ExBlox provides a plug-and-play ML experimentation framework, so you can rapidly iterate and test different models without writing and re-writing the same boilerplate ML code.
An ExBlox machine learning Experiment
is built from 6 components:
- A
DataSet
, which not only holds the data and keeps track of the feature and target columns. - A
Stratifier
, telling the experiment how to split the data into train/test partitions. - A model
Architecture
to train. - A
Trainer
that controls how the model is trained, for example sklearn or PyTorch. - A
Tuner
, which governs hyperparameter search. - A list of
Metrics
that the model is evaluated on.
Each of these components has a few flavors
you can pick from. For example, you might choose either a TrainTestStratifier
or a PartitionedLabelStratifier
.
Each component also needs a config
. For example, for a TrainTestStratifier
, you'll need to tell it what test_split_size
to use. Or, for the PartitionedLabelStratifier
, the number of partitions.
Once you've selected each component's flavor and configured it, just mix them together in an Experiment
, and call go()
!
ExBlox provides the following component flavors out of the box (and it's easy to write and re-use your own!):
- DataSet: just the base
DataSet
- Stratifier: You can pick from a
TrainTestStratifier
orPartitionedLabelStratifier
that generates multiple partitions. - Architecture: Any sklearn model works as an
Architecture
, as well as sklearnPipelines
. If you prefer PyTorch, create a skorch model. - Trainer: The base
Trainer
works with all sklearn objects. For a skorch Architecture, useSkorchTrainer
. - Tuner: You can pick from
RandomSearchTuner
orBayesianTuner
. You can also not include aTuner
at all- it's optional. - Metric:
F1_Macro
,AUPRC
,AUROC
,LogLoss
, andBrierScore
are ready to go.
You can also pass Experiment
a metadata
dictionary to store whatever information you want to track.

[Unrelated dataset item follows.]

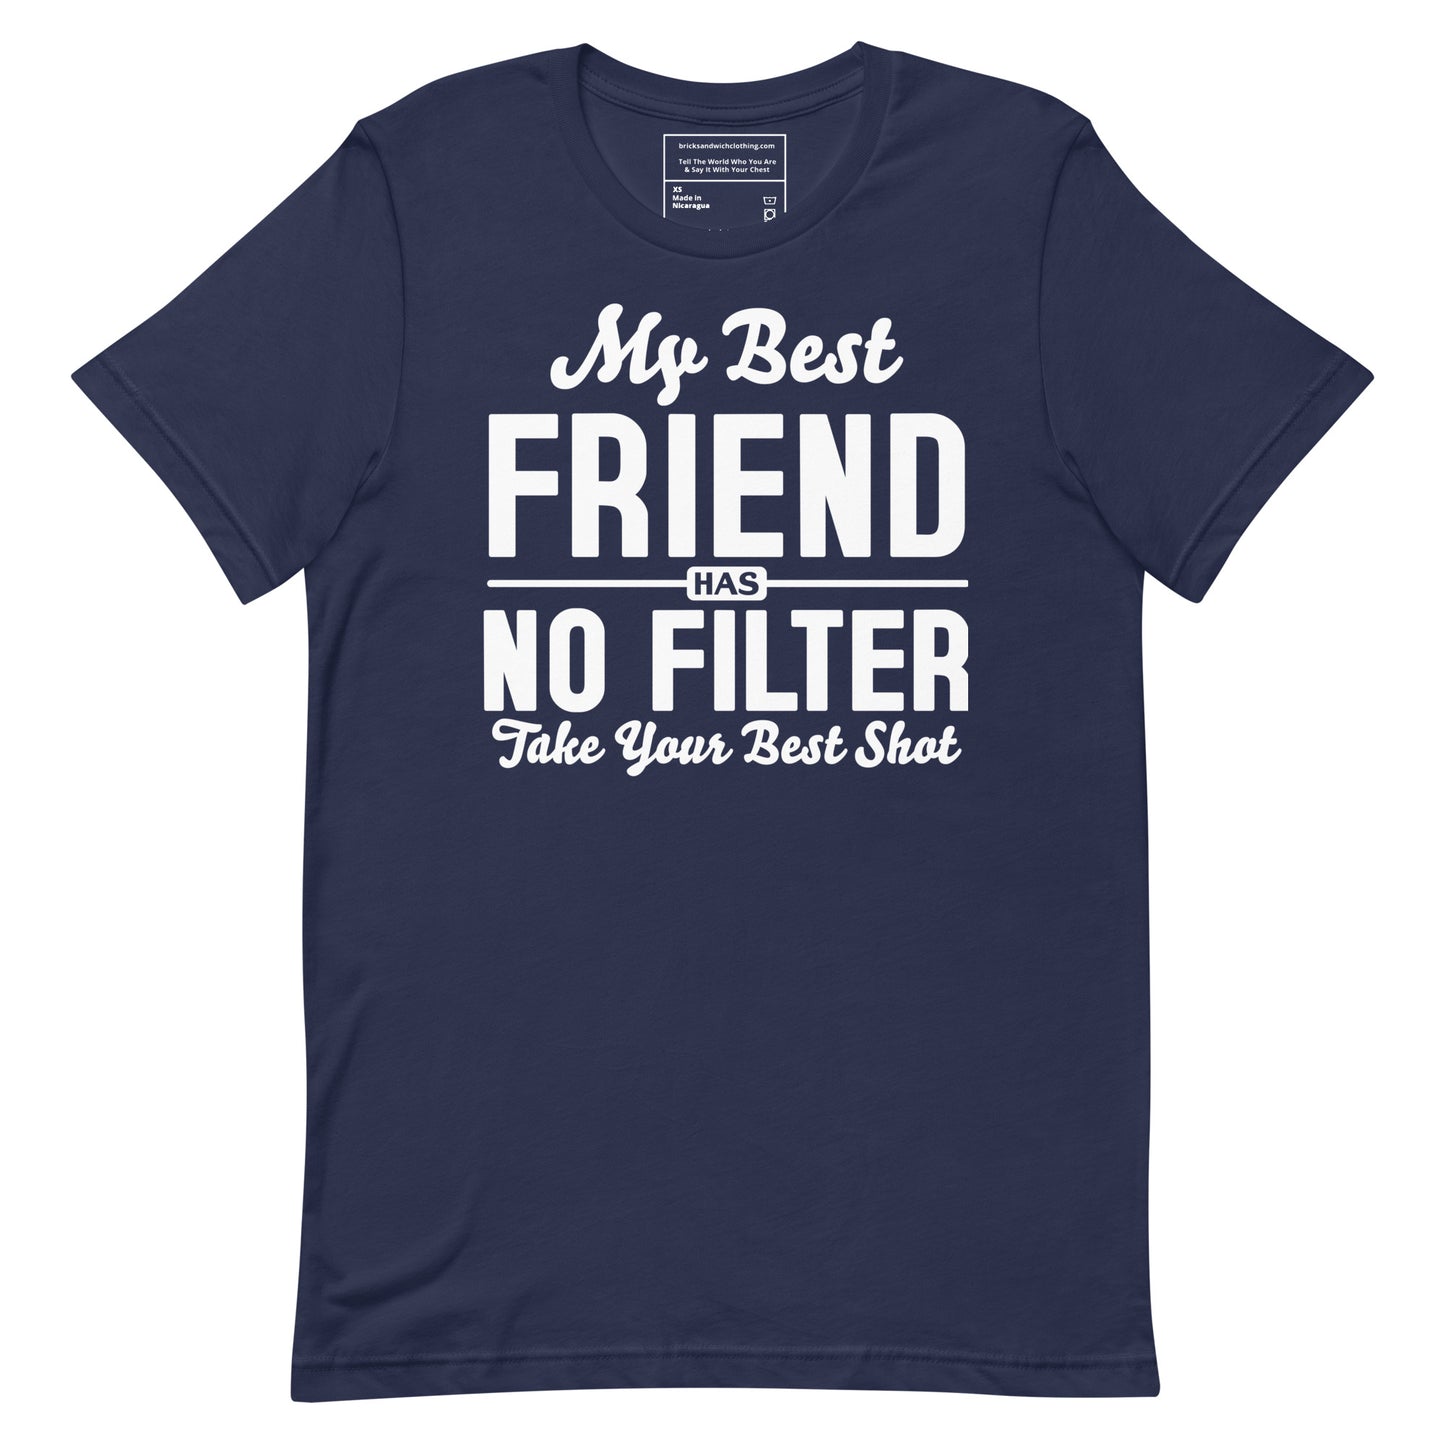 My Best Friend Has No Filter T-Shirt White Ink

There are 2 ways to define an experiment: via object creation or via a config. If you are working in a notebook, you may want to use the object-creation method, and plug-and-play with different experiment components.

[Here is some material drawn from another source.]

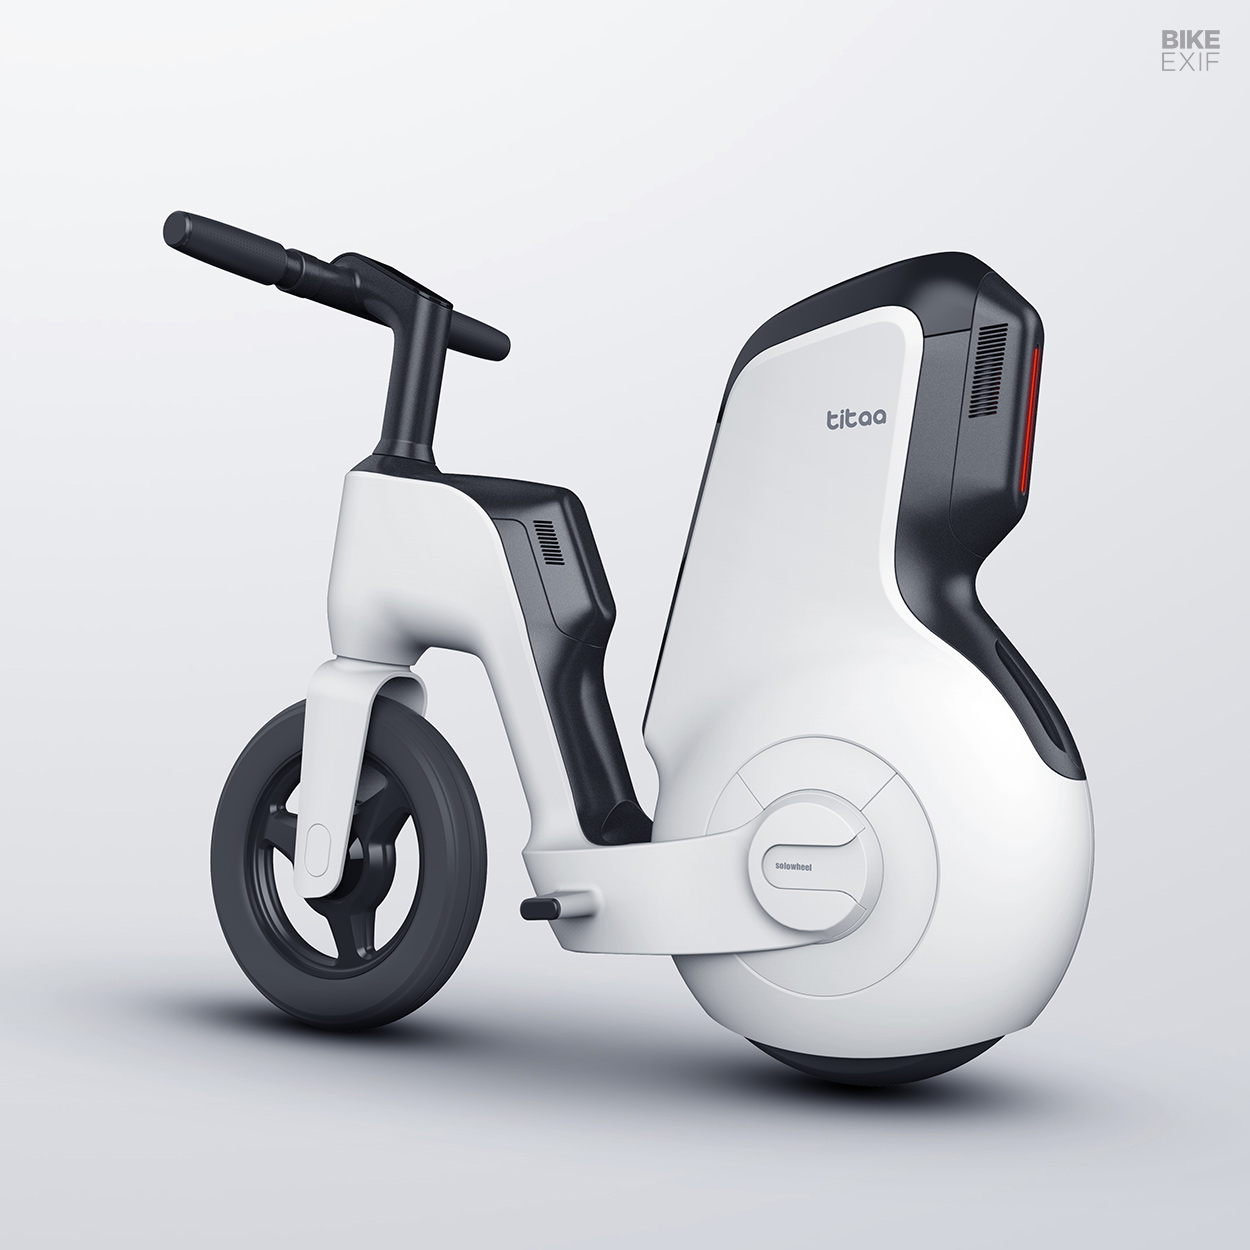 Titaa motorcycle concept by Husky Design

Once you have decided on a model definition you are happy with, you might find it helpful to write it as a configuration for readability and re-use. This approach has the advantage of providing a single point of truth for everything that contributes to the experiment as an easy-to-read configuration.
import exblox
from exblox.dataset import DataSet
from exblox.stratifier import TrainTestStratifier
from exblox.sklearn.ensemble import RandomForestClassifier
from exblox.trainer import Trainer
from exblox.tuner import RandomSearchTuner
from exblox.metric import F1_Macro, AUPRC
from exblox.experiment import Experiment
# ===== 1. DATASET =====
df = pd.read_csv(data_path)
dataset_config = {
'features': ['A', 'B', 'C', 'D'],
'target': 'E',
}
dataset = DataSet(dataset_config, df)
# ===== 2. STRATIFIER =====
stratifier = TrainTestStratifier({'test_split_size': 0.3})
# ===== 3. ARCHITECTURE =====
architecture = RandomForestClassifier()
# ===== 5. TUNER (optional) =====
tuner_config = {
'hyperparameters': {
'n_estimators': range(200, 2000, 10),
'max_features': ['auto', 'sqrt'],
'max_depth': range(10, 110, 11),
'min_samples_split': [2, 4, 6, 8, 10],
'min_samples_leaf': [1, 2, 5, 10],
'bootstrap': [True, False],
},
'num_cv_folds': 3,
'num_iters': 5,
'scoring_function': 'f1_macro',
'verbose': 1,
}
tuner = RandomSearchTuner(tuner_config)
# ===== 4. TRAINER =====
trainer = Trainer(architecture=architecture, tuner=tuner)
# ===== 6. METRICS =====
metrics = [F1_Macro, AUPRC]
metadata = {'name': 'random forest with hyperparam search'}
exp = Experiment(dataset, stratifier, trainer, metrics, metadata)
exp.go()
When defining an Experiment via a config, all components and their configurations are written out in the structure below. The only object that is not configured here is the dataframe- that is passed to Experiment separately.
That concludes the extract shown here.